Magdalena Martínez,Do El País - O Globo
MOTEVIDÉU. No Uruguai há oficialmente 580 mil armas registradas para uma população de pouco mais de 3,28 milhões de habitantes. Além disso, existe um significativo mercado negro. E as vendas estão subindo: apenas nos últimos quatro anos, mais de 50% em meio a uma onda de insegurança que, sob o ponto de vista do México, da Colômbia ou da Venezuela pareceria ridícula, mas, que, para os calmos uruguaios, é intolerável.
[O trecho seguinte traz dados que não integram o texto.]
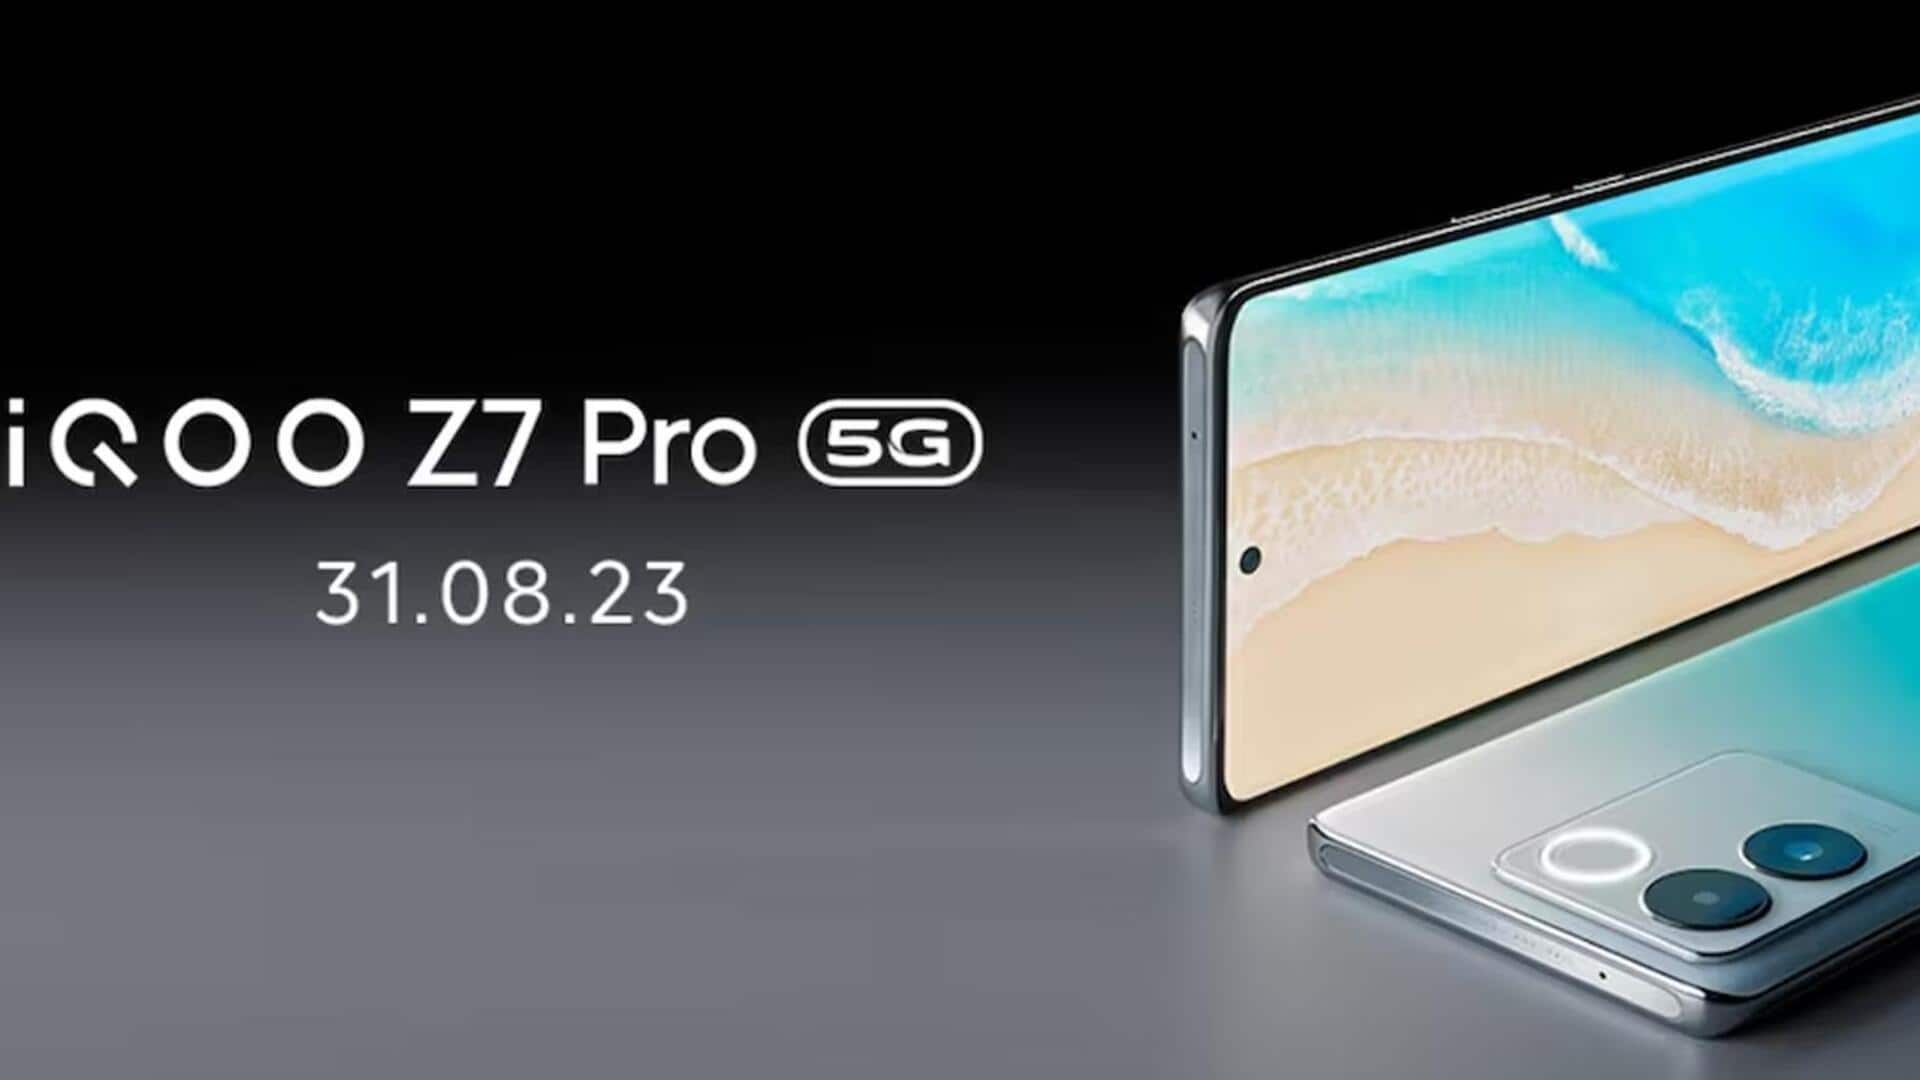 iQoo Z7 प्रो मीडियाटेक डाइमेंशन 7200 चिपसेट से होगा लैस, जानिए अन्य फीचर्स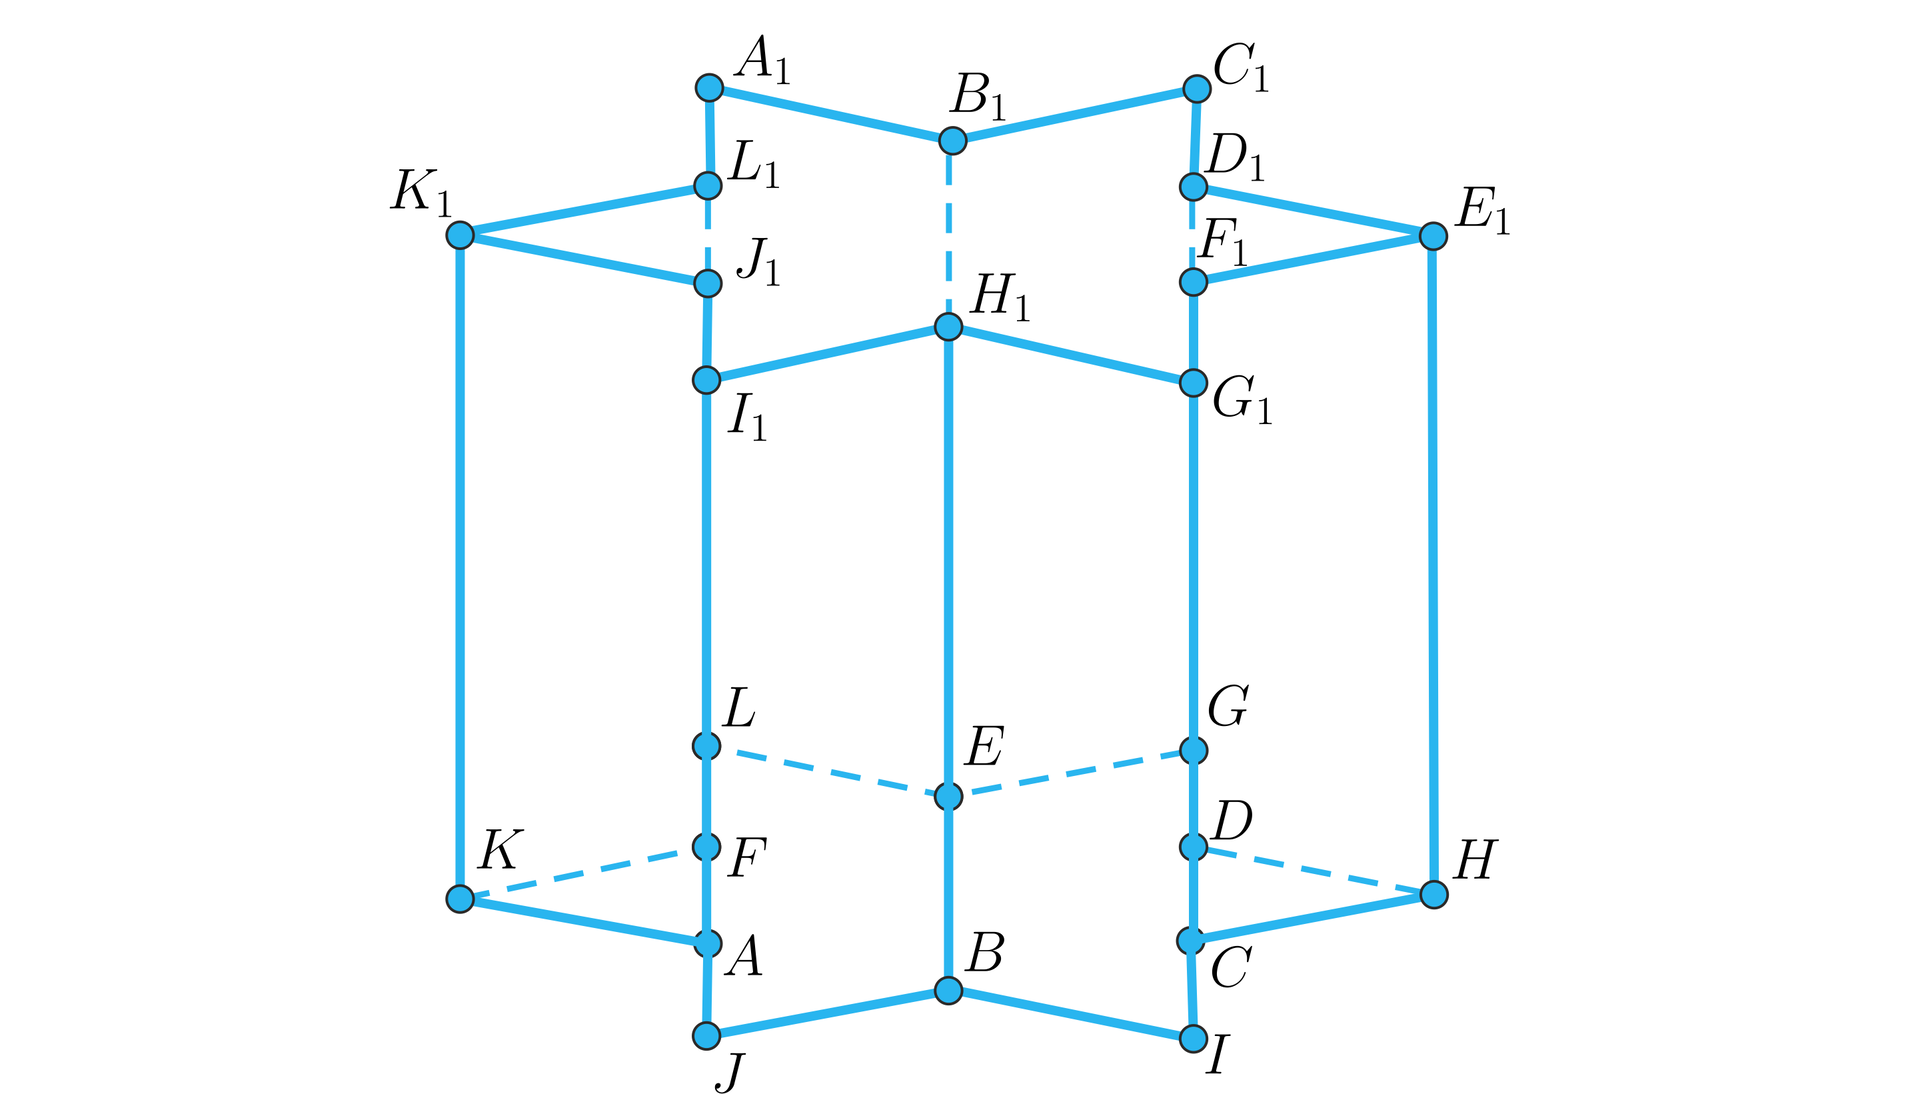 Ilustracja przedstawia graniastosłup o podstawach będących foremnymi sześcioramiennymi gwiazdami i o pionowych prostokątnych ścianach. Wierzchołki dolnej podstawy to: ABCDEFGHIJKL. Wierzchołki górnej podstawy to: A1B1C1D1E1F1G1H1I1J1K1L1.

Onze da manhã do domingo no Clube Uruguaio de Tiro, situado a poucos metros do mítico estádio Centenário de Montevidéu. Distribuídas fileiras com um alvo ao fundo vários homens disparam causando um forte estrondo que, no entanto, não parece incomodar ninguém. Nesse local há sócios de toda a vida e também aqueles que querem tirar uma permissão. A lei atual submete os candidatos a um exame psicológico e a várias horas de aulas de tiro. Cada arma e a cada proprietário é registrado. Embora “ter” armas seja relativamente fácil, o “porte” de armas, isto é, o direito a levá-la qualquer lugar, é submetido a controles estritos. Dos 1.000 sócios do clube, só 20 têm o porte, segundo a administração.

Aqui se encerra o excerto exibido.